India is only the fourth country in the world after the US, China and Russia to have the technology. The successful trial paved the way for the country to develop missiles that can travel at six times the speed of sound.

This was followed by a test-firing of the nuclear-capable ‘Shaurya’ missile on October 3, and the supersonic missile-assisted release of a torpedo on October 5.

The Defence Research and Development Organisation (DRDO) also successfully conducted three flight tests of its indigenously developed anti-tank guided missile (ATGM) Dhruvastra from the Integrated Test Range at Chandipur in Odisha in July. This is one of the most advanced anti-tank weapons in the world.

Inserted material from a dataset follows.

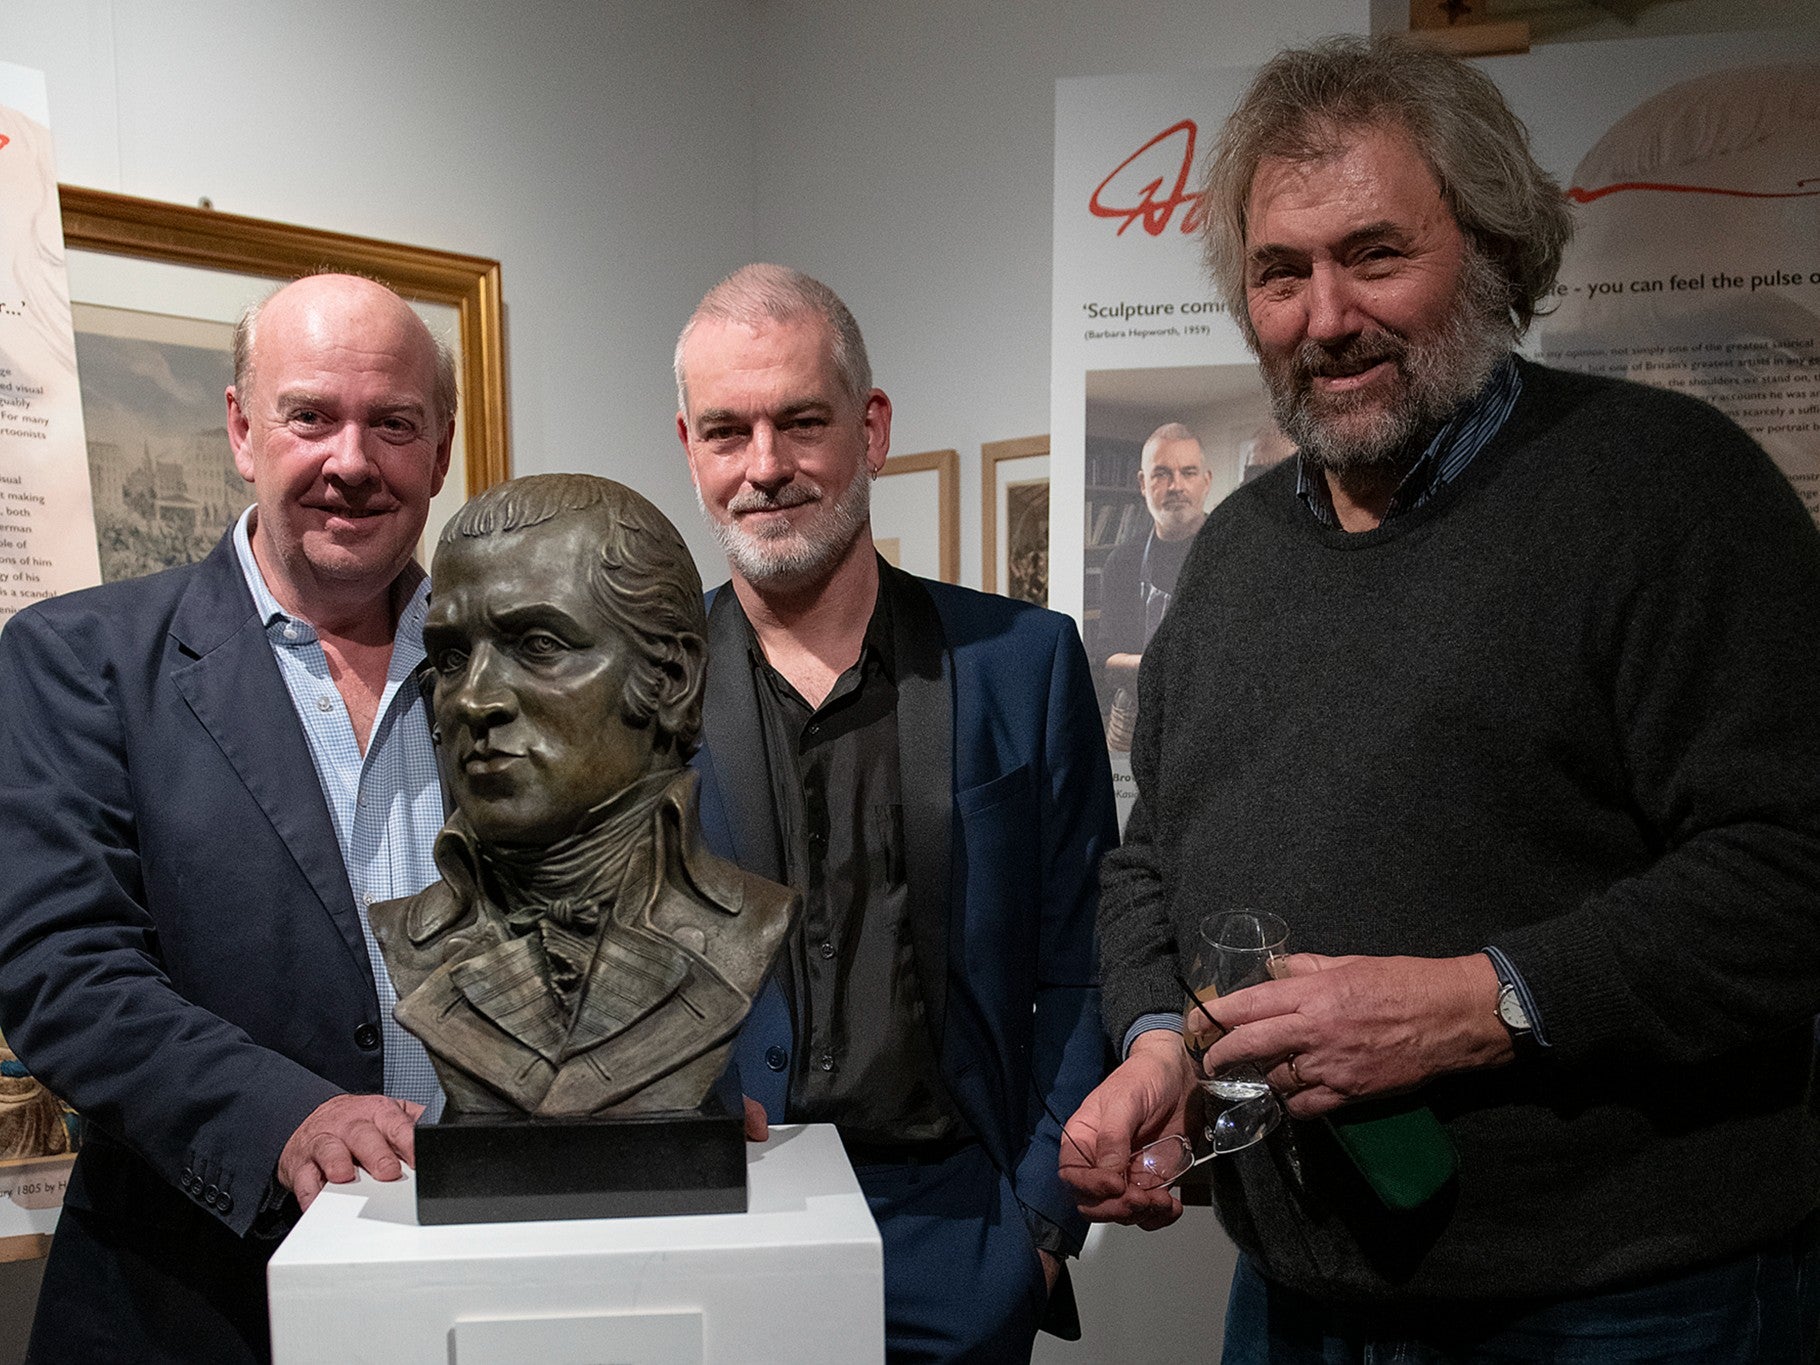 From left to right: Oliver Preston, chair the Cartoon Museum, Dave Brown, Steve Bell, trustee the Cartoon Museum
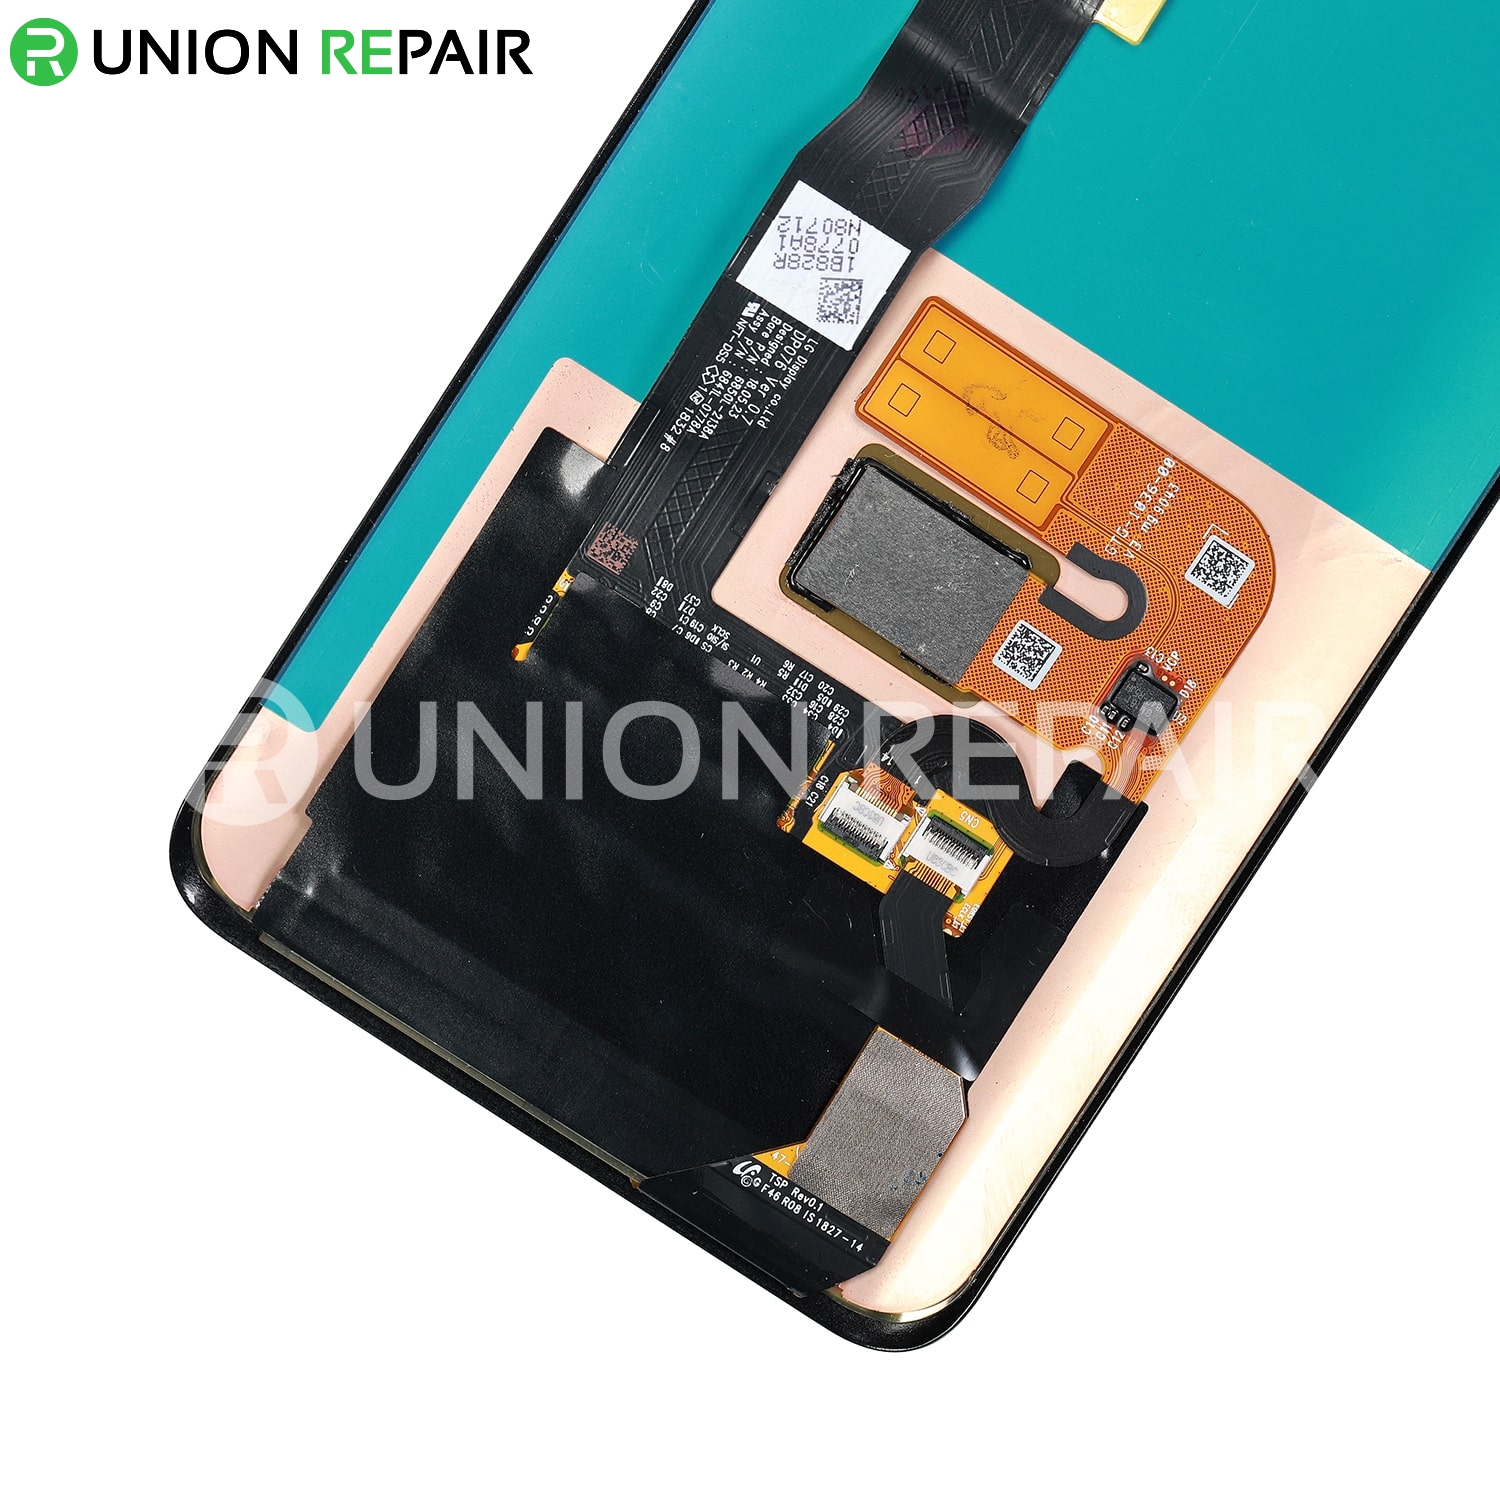 Replacement For Huawei Mate 20 Pro LCD with Digitizer Assembly - Black

Meanwhile, the indigenous Active Electronically Scanned Array (AESA) radar, Uttam, has completed 100 hours of testing with additional 25 hours on Tejas aircraft for air-to-air mode and its sub-parameters.

On October 9, the new-generation Anti-Radiation Missile RUDRAM was successfully tested on a radiation target located off the coast of Odisha. The missile was launched from a Su-30MKI fighter aircraft.

The year 2020 also saw the Quick Reaction Surface-to-Air Missile (QRSAM) achieve a major milestone on November 13, with a direct hit onto a Banshee pilotless target aircraft at medium range and medium altitude.